An alternative privacy-friendly YouTube frontend which is efficient by design. - GitHub - TeamPiped/Piped: An alternative privacy-friendly YouTube frontend which is efficient by design.
Anyone who's been using privacy-respecting frontends for some time will recognise Piped. A YouTube frontend with no ads, integrated SponsorBlock, return dislikes, and a customisable UI.
Piped also allows you to subscribe to as many channels as you want without ever logging into a Google account. You can export your subs list from YouTube and import them to Piped seamlessly.
If you've never heard of it, give it a glance at https://piped.video. For more instances, check here.
can definitely recommend this, but just a head's up - Google has a habit of hitting the main instance with rate limiting, which causes videos to not load until it gets fixed. but thankfully Piped has multiple instances, so if the main one is down, you can keep watching.
Excellent timing! With the rumblings of YT attacking anti-ad users and me using my new iPad Pro for watching stuff on the go, I’ve just started looking into side-loading.
Looks like I’ll be going with an app that utilizes this fw. Good share!
Piped (and similar projects like NewPipe, Invidious, and FreeTube) scrape YouTube instead of using an API; so just like Nitter, they won't be affected by a paid API.
I use it for about a year new. There are a few hiccups now and then, but you can just switch instance. That's why I recommend using Libredirect with it. If you have trouble with an instance just ping the instances in Libredirect and chose a new one. Backup your preferences from the old instance and import it to the new.
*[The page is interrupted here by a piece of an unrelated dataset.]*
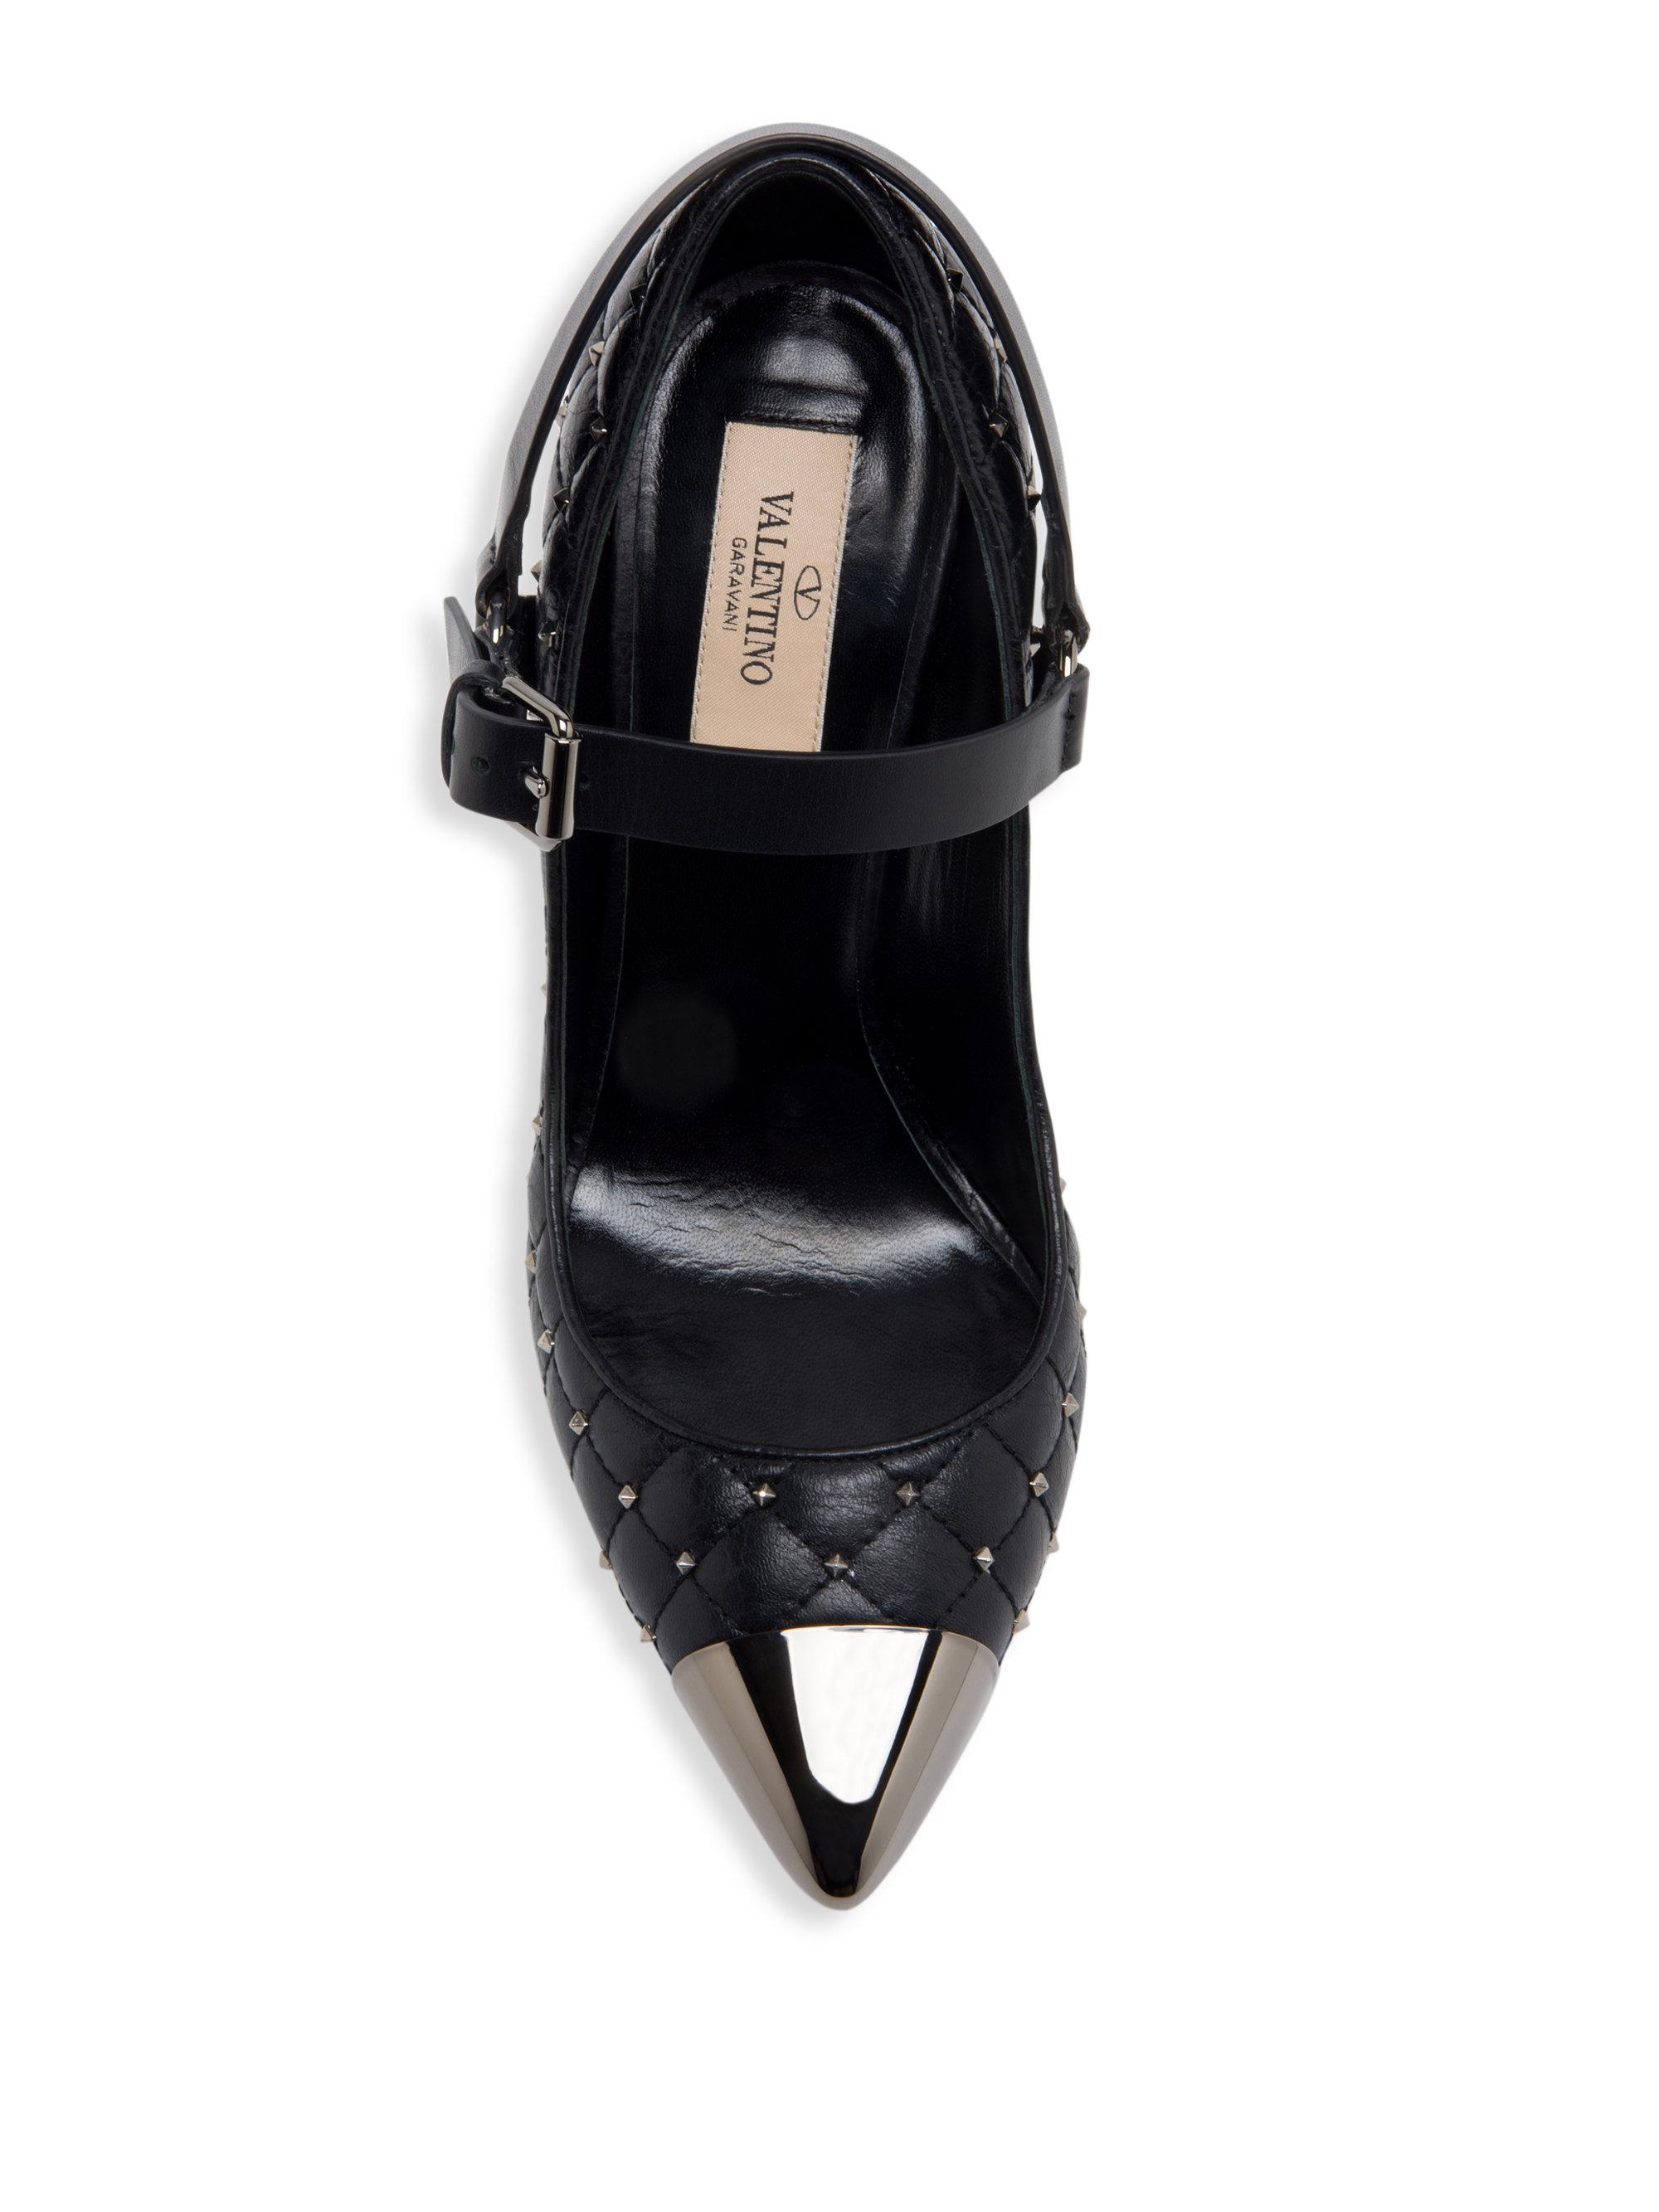 Lyst - Valentino Rockstud Spike Leather Cap Toe Mary Jane Pumps in Black
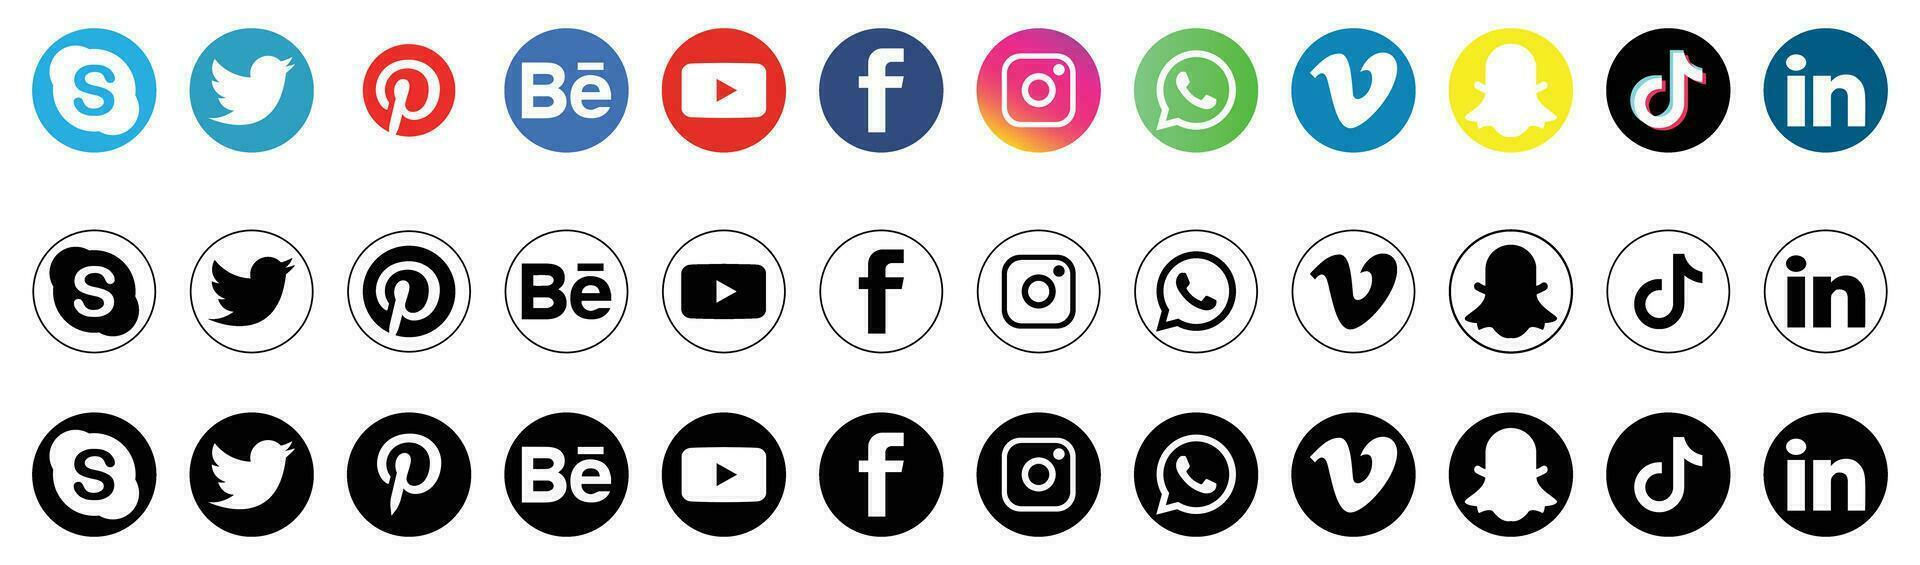 social media logo icons isolated on white vector

Your settings and subscriptions are available again.
Yep, Piped uses the NewPipeExtractor to load videos, just like NewPipe. However, Piped runs it server side, and NewPipe runs it client side. YouTube likes to rate limit the big instances too, so all you have to do is use a smaller one like il.ax or piped.adminforge.de.
You can export your Youtube subscription into a csv file that can be imported into Piped. If you enable cookies you don't even need to create an account and can still have a personal feed. That's the main reason for me to use it above Invidious
eh, i don't think it's fair to discount a youtube frontend for having a bug, especially not a frontend as new as this one. projects at this early a stage always have issues, & youtube frontends have to deal with the added bonus of google randomly rate-limiting & consistently trying to break them. youtube frontends are always going to have issues & need constant updates by nature, there's not much any of them can do about it
main instance is being rate limited - basically Google likes to go 'fuck you' and kill the main instance for a few days. just switch to a smaller instance and you'll be good
that's weird, it's working fine for me. maybe you could try hopping to a smaller instance and see if that helps? maybe it's also a regional thing im unaware of.